California High Court Upholds End to Pension Perk

SAN FRANCISCO (CN) – California public employees aren’t entitled to a perk that allowed them to boost their pension payouts, the California Supreme Court ruled Monday.

California Supreme Court headquarters in San Francisco. (Photo credit: Coolcaesar/Wikipedia)

In 2003, the Legislature began granting state employees and other members of the California Public Employees Retirement System (CalPERS) the ability to purchase “air time,” or credits to be added to their pensions on retirement. Since pensions are calculated as part of the employee’s annual salary near the end of his or her career, an extra five years credited to one’s pension was a welcome bonus. If someone worked for 20 years, they would be paid a pension based on 25 years of contributions.

Monday’s unanimous opinion by the state’s highest court said it wasn’t illegal for the Legislature to rescind the benefit in 2012 as part of then-Governor Jerry Brown’s pension reform package. As the state wrestled with billions in shortfalls to its two largest pension funds, the Public Employees’ Pension Reform Act did away with lesser benefits like additional retirement service credits, available only to employees who had worked for at least five years, and contribute more to their pensions overall.

The law did not affect those who had bought credits prior to 2012.

“Plaintiffs’ characterization of ARS credit as ‘promised when employees provided service’ suggests the existence of an affirmative commitment by the Legislature to make the opportunity to purchase ARS credit available indefinitely, but they cite no persuasive evidence of such a commitment,” Chief Justice Tani Cantil-Sakauye wrote, adding the credit was “not different in form from a variety of other optional benefits offered to public employees in connection with their work.”

The high court’s decision stems from a challenge to the 2012 law by firefighters union Cal Fire Local 2881, which argued the law violated the California Rule – a spate of legal precedents that bind the state to keep its promises to government workers regarding retirement benefits.
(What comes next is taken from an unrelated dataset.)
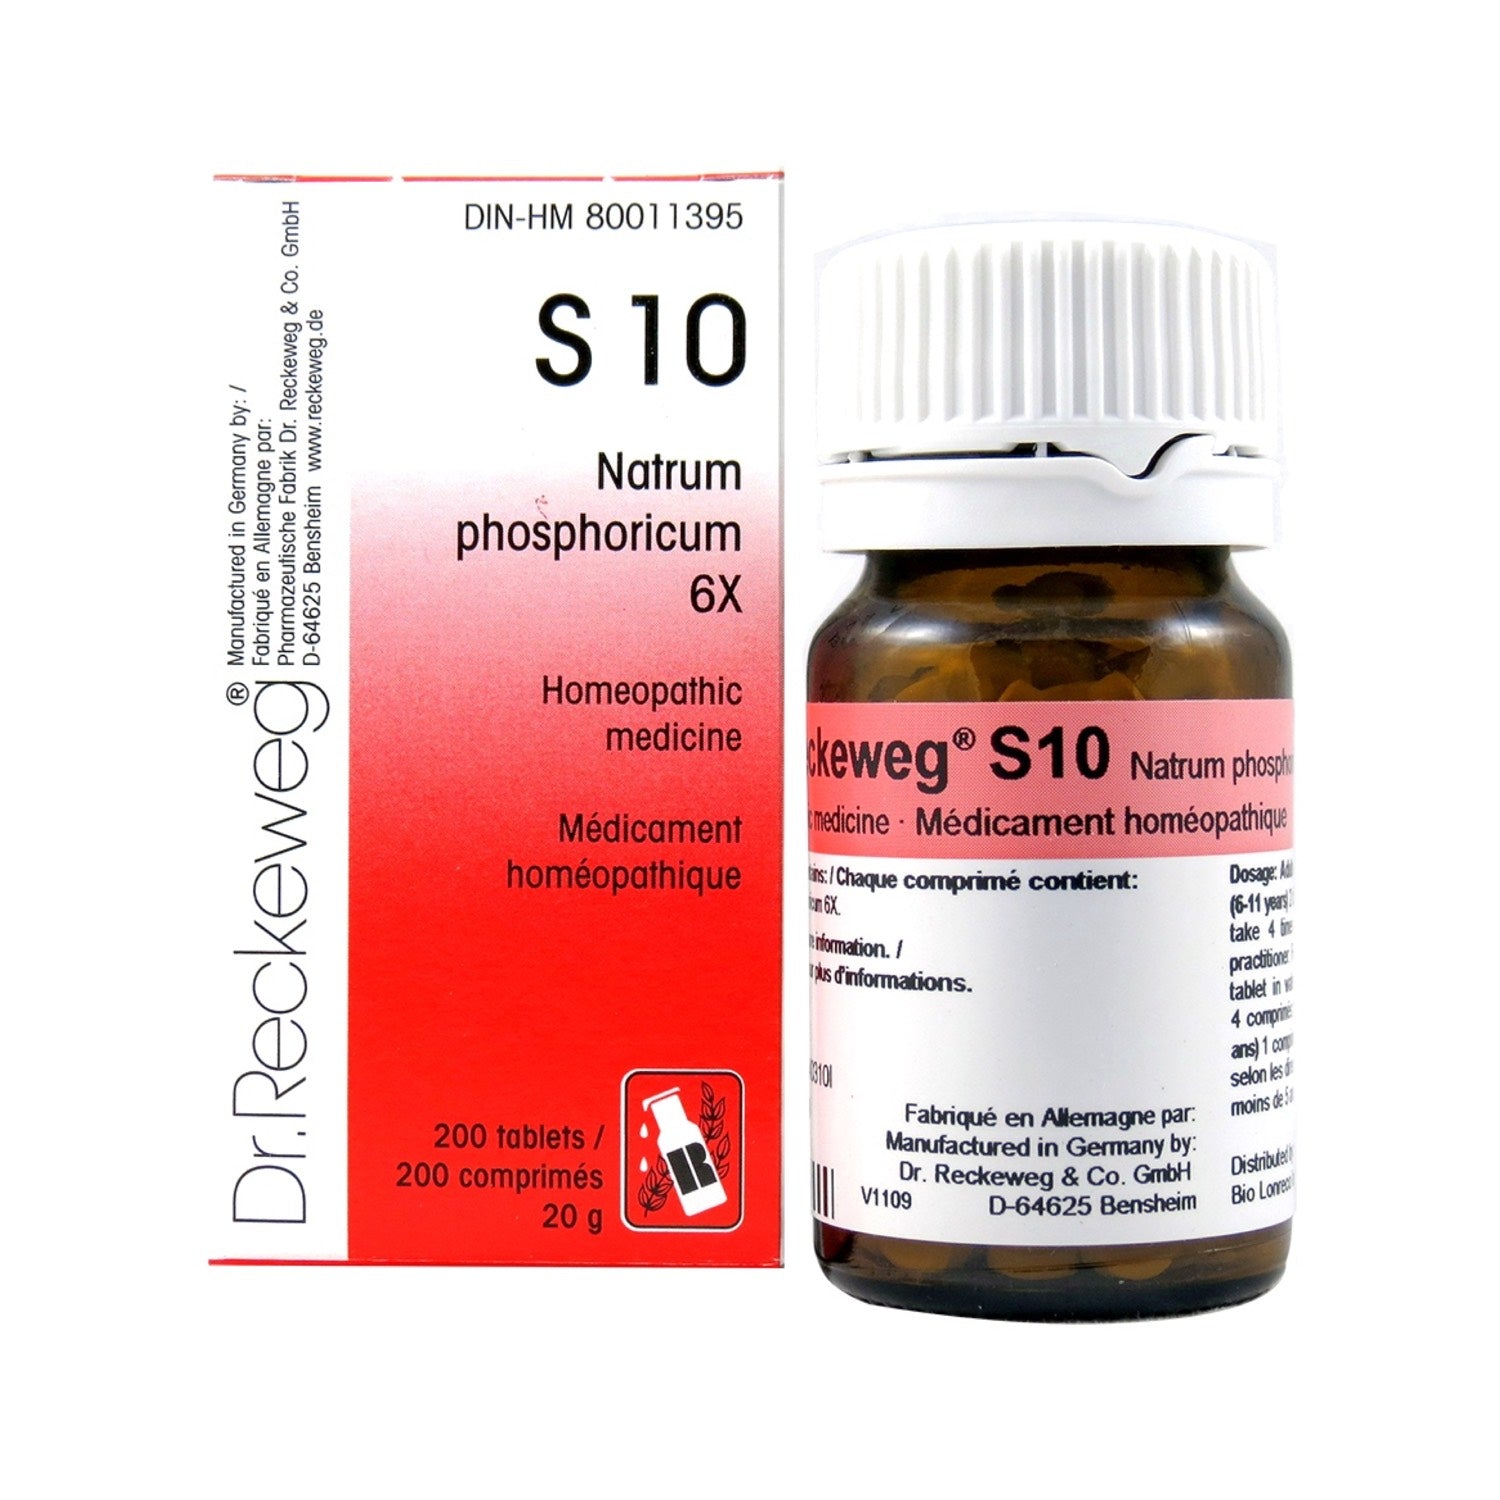 S10 Natrum phosphoricum, Schuessler salt 6X 200 tablets (20 g)
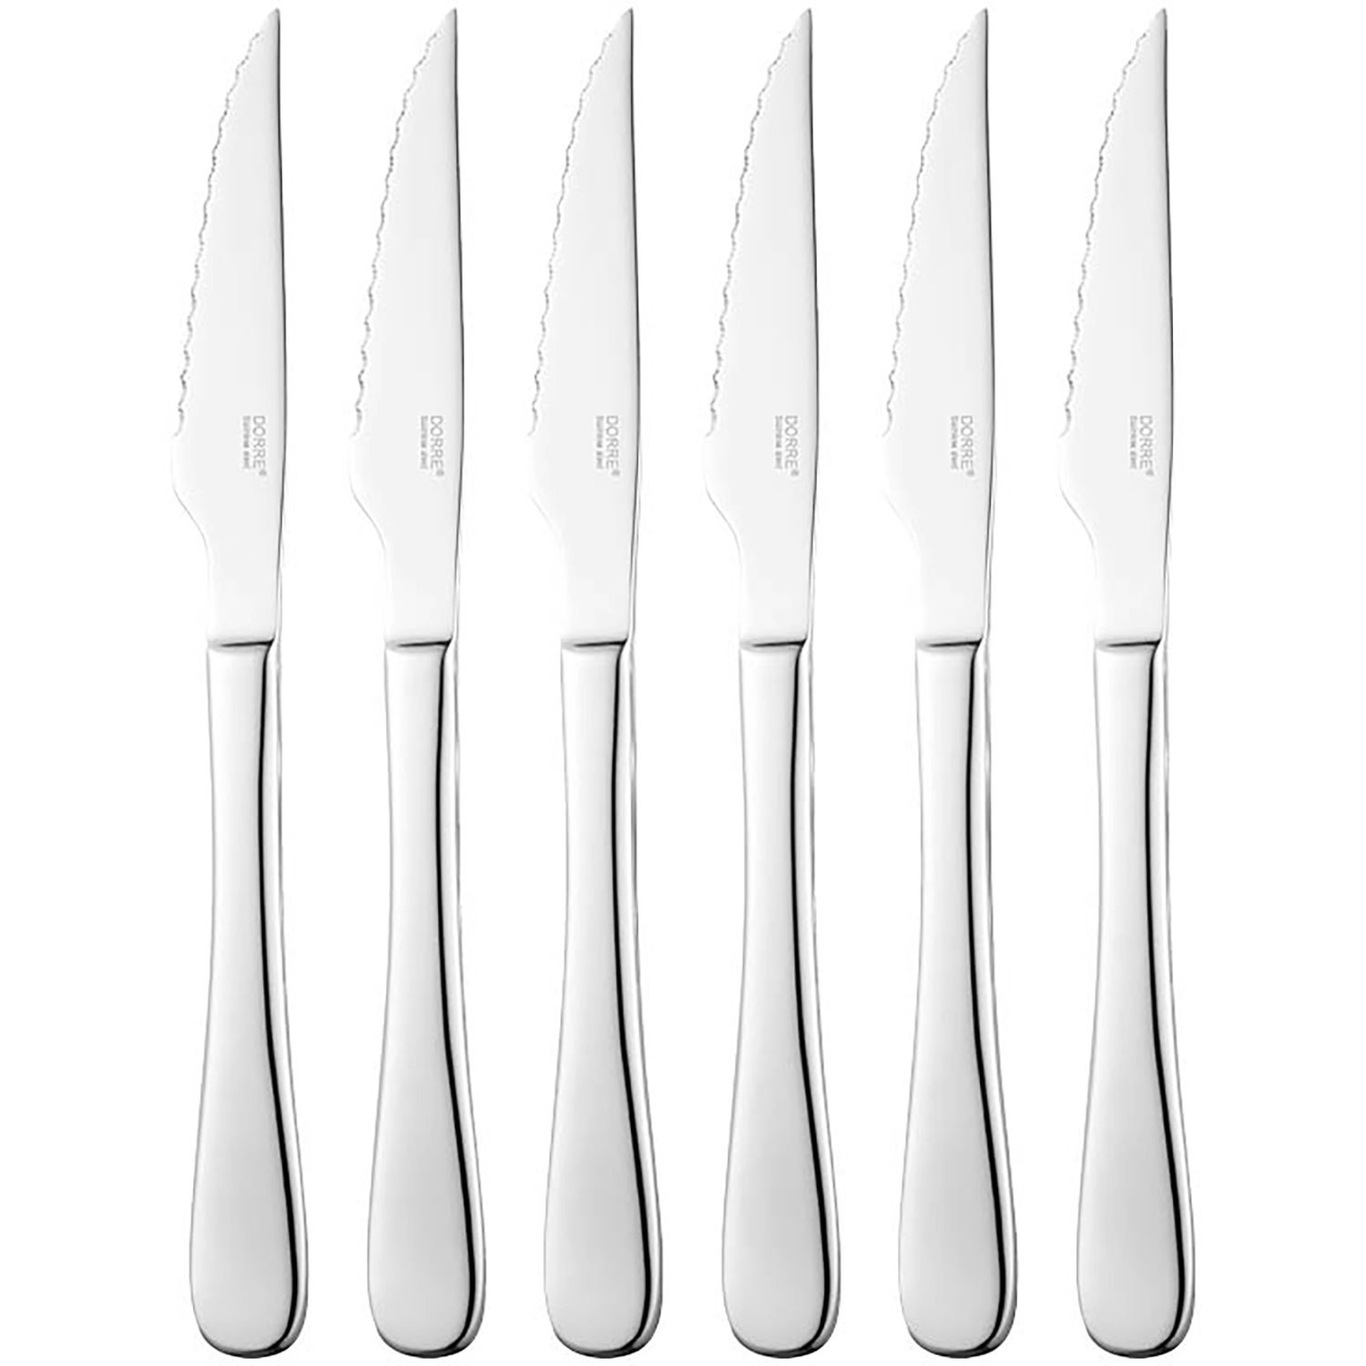 https://royaldesign.com/image/2/dorre-classic-steak-knives-6-pack-0?w=800&quality=80

Cantil-Sakauye said the court would not weigh in the issue since the benefit was not a contractual right, and could be taken away by the Legislature at any time.
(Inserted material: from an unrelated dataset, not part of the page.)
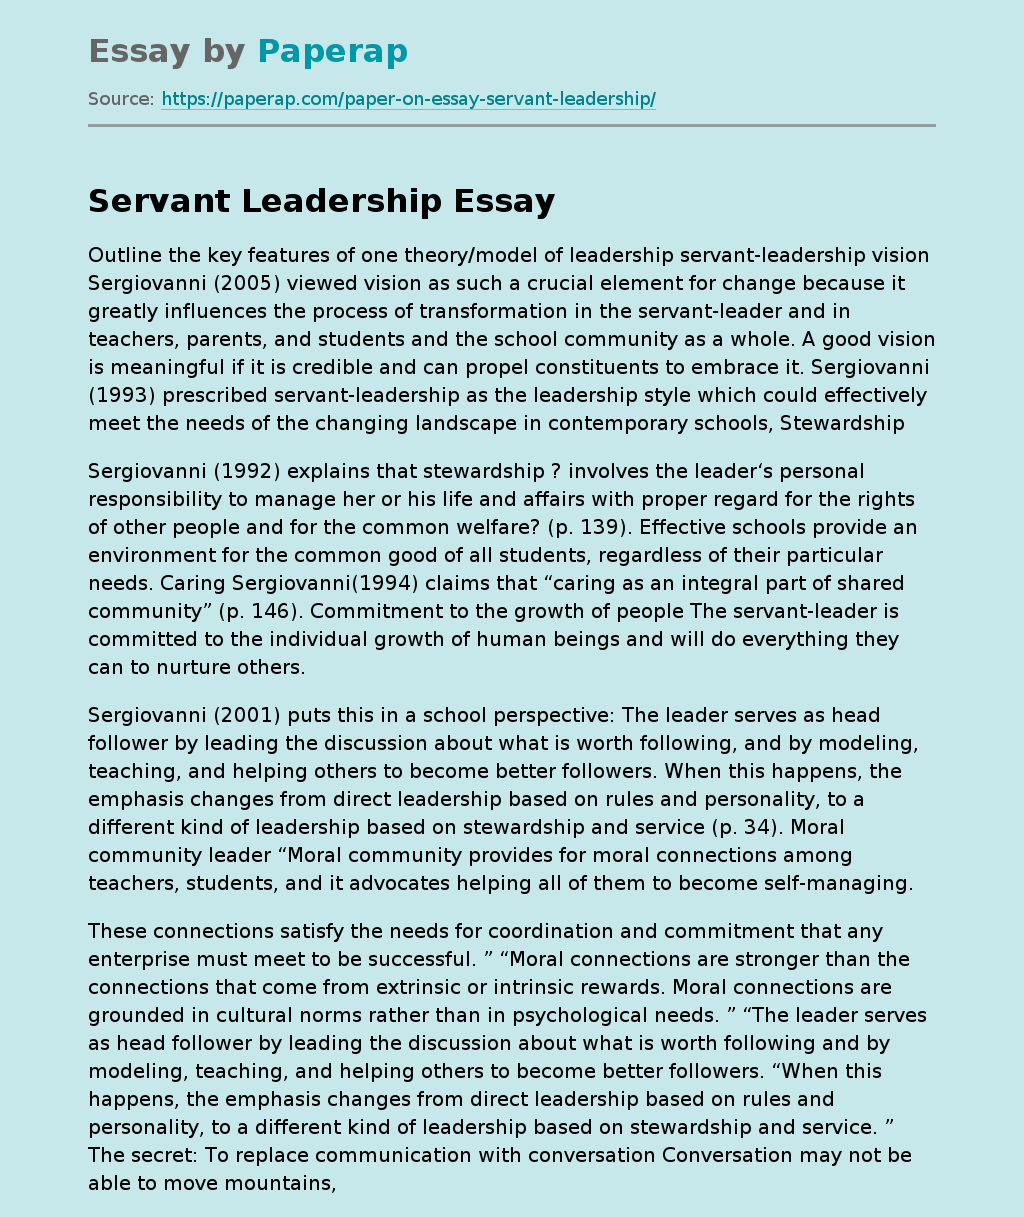 Practice of Servant-Leadership

“Because we conclude that the opportunity to purchase ARS credit was not a term and condition of public employment protected from impairment by the contract clause, its elimination does not implicate the Constitution,” she wrote. “For that reason, we have no occasion in this decision to address, let alone to alter, the continued application of the California Rule.”

The union’s lawyer Gregg Adam did not return a call seeking comment Monday.

Ted Toppin, chairman of Californians for Retirement Security – a coalition representing dozens of unions and 1.6 million public employees – said he was glad the Supreme Court left the California Rule untouched.

“There was always some question about whether air time was a vested benefit. The decision was not unexpected,” he said in a statement. “More importantly, the Supreme Court leaves intact the California Rule, holding that vested benefits cannot be impaired. Thankfully, the decision protects the retirement security of California’s nurses, teachers, firefighters, school employees and countless other public servants and retirees dependent on their hard-earned pensions.”